Simulated Author's Rebuttal

3 responses · 0 unresolved

We thank the referee for their thoughtful and constructive comments on our manuscript. We address each major comment below and indicate planned revisions.

read point-by-point responses
  1. Referee: [Simulation design] Simulation design section: The chosen ranges for n, p, and event rates (and thus EPV) lack explicit justification or sensitivity analyses against empirical distributions from real clinical datasets, where predictors are typically correlated and models may be misspecified. This is load-bearing for the central claim that shrinkage methods 'do not solve problems associated with small sample size or low number of events per variable,' as the observed variability and negative correlations could be artifacts of the specific regimes simulated.

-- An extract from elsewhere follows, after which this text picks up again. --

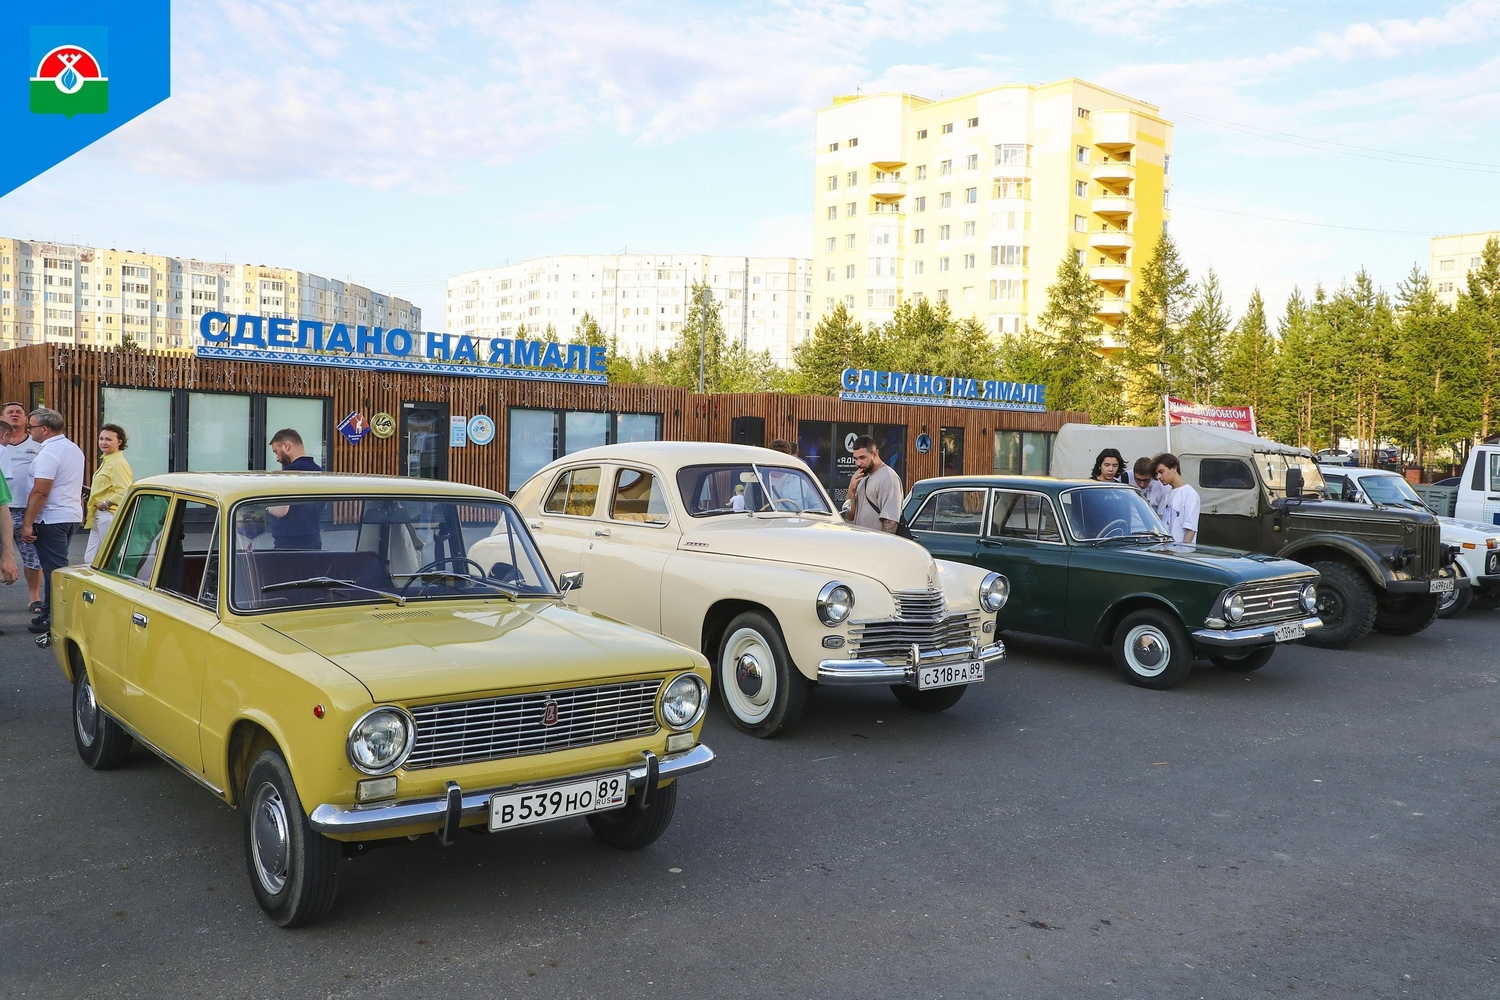 Ретромашины отправились в автопробег по Ямалу: фото раритетных авто
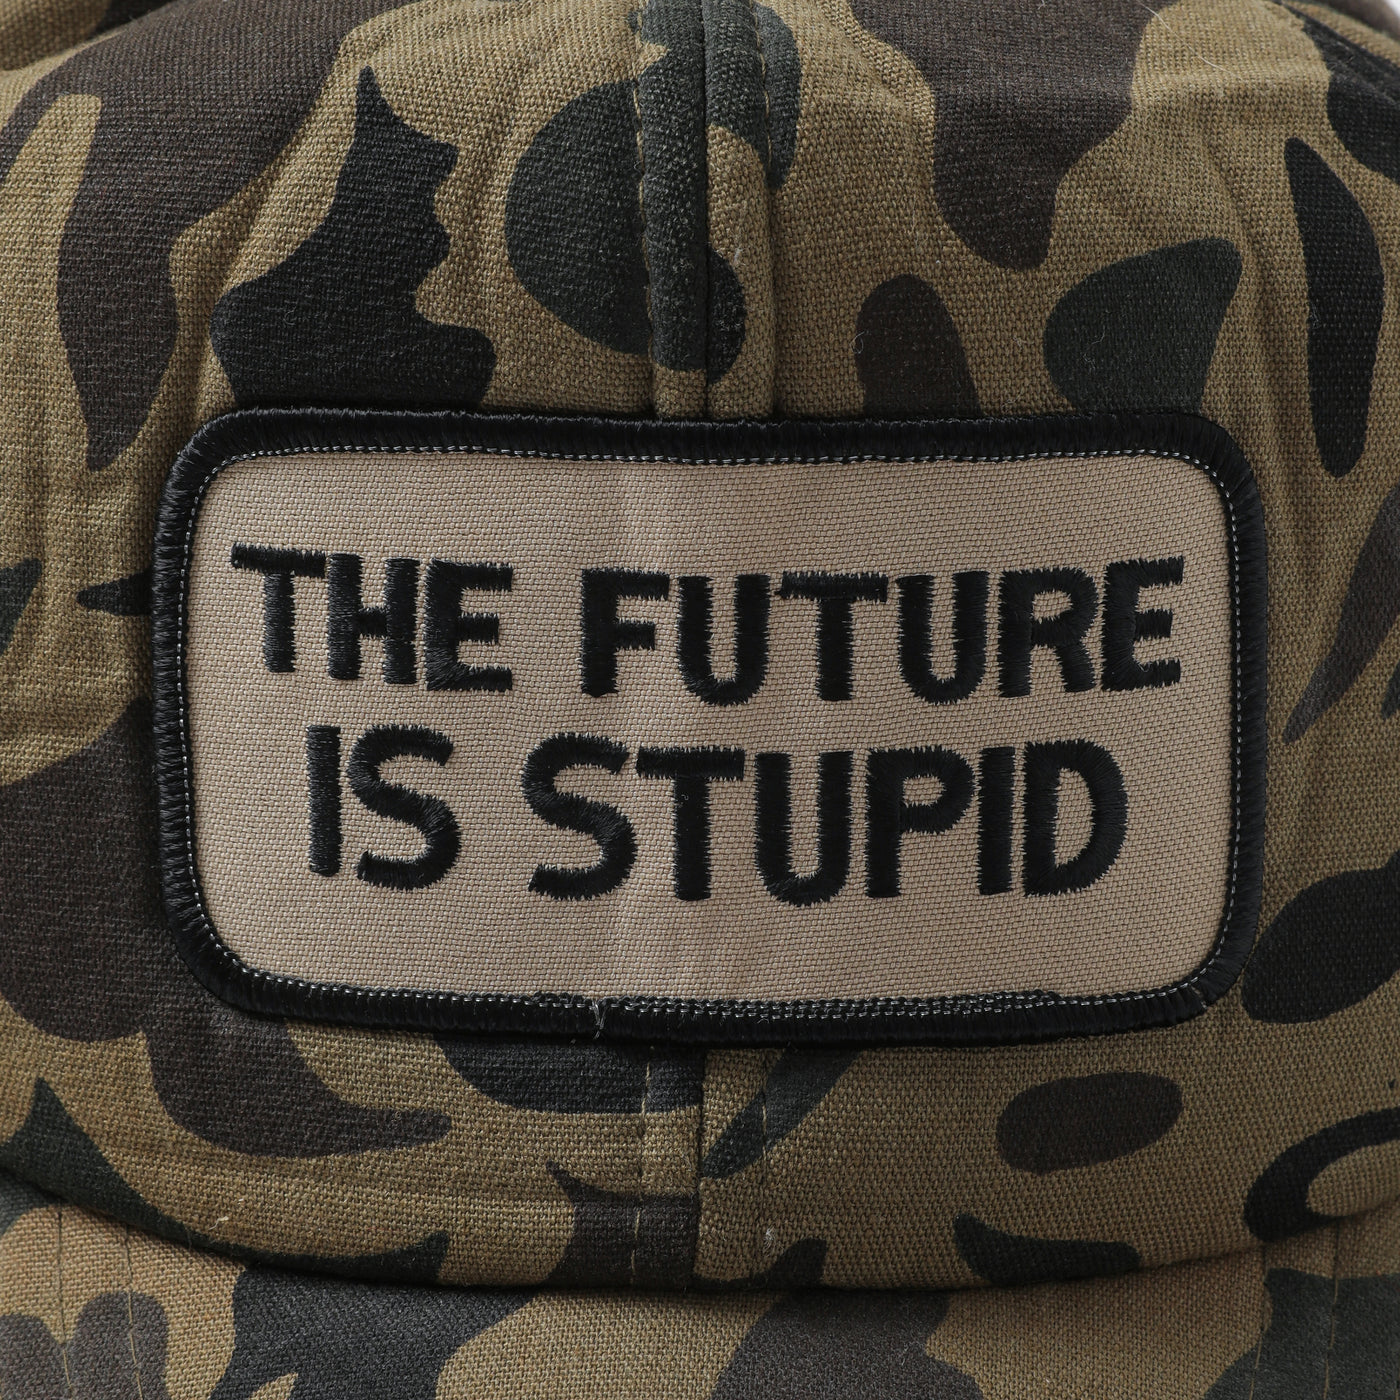 90s Jenny Holzer "The Future is Stupid" cap

    Authors: The ranges for n, p, and event rates were chosen to span EPV values from approximately 2 to 20, reflecting scenarios commonly encountered in clinical prediction model development. In the revised manuscript we will add explicit justification with supporting references from the EPV literature. We acknowledge that our design used independent predictors and correct specification to isolate shrinkage effects; we will expand the discussion to note that correlations or misspecification could alter results but are unlikely to remove the observed between-sample variability or negative correlations. We therefore do not view the central claim as an artifact of the chosen regimes, though we agree a sensitivity analysis would strengthen the work and will discuss this limitation. revision: partial

  2. Referee: [Methods and results (correlation analysis)] Methods and results on correlation: The computation of the 'optimal shrinkage' factor (against which estimated shrinkage is correlated) is not described in sufficient detail to allow verification that it is independent of the fitted models; this underpins the key finding of typically negative correlations and the conclusion that shrinkage 'often worked poorly in individual datasets.'

    Authors: We will revise the methods section to describe the optimal shrinkage factor in full detail: it is obtained analytically from the known true coefficients of the data-generating model by determining the single shrinkage value that produces a population calibration slope of exactly 1 when applied to predictions evaluated on a large independent validation sample drawn from the same population. This quantity is computed once per scenario and is independent of any model fitted to the simulated training data. The revised text will include the explicit formula and computational steps. revision: yes

  3. Referee: [Methods] Methods: The number of Monte Carlo replications per scenario and handling of edge cases (e.g., perfect separation, zero events) are not reported, which directly affects the reliability of the reported between-sample variability measures and standard deviations of calibration slopes.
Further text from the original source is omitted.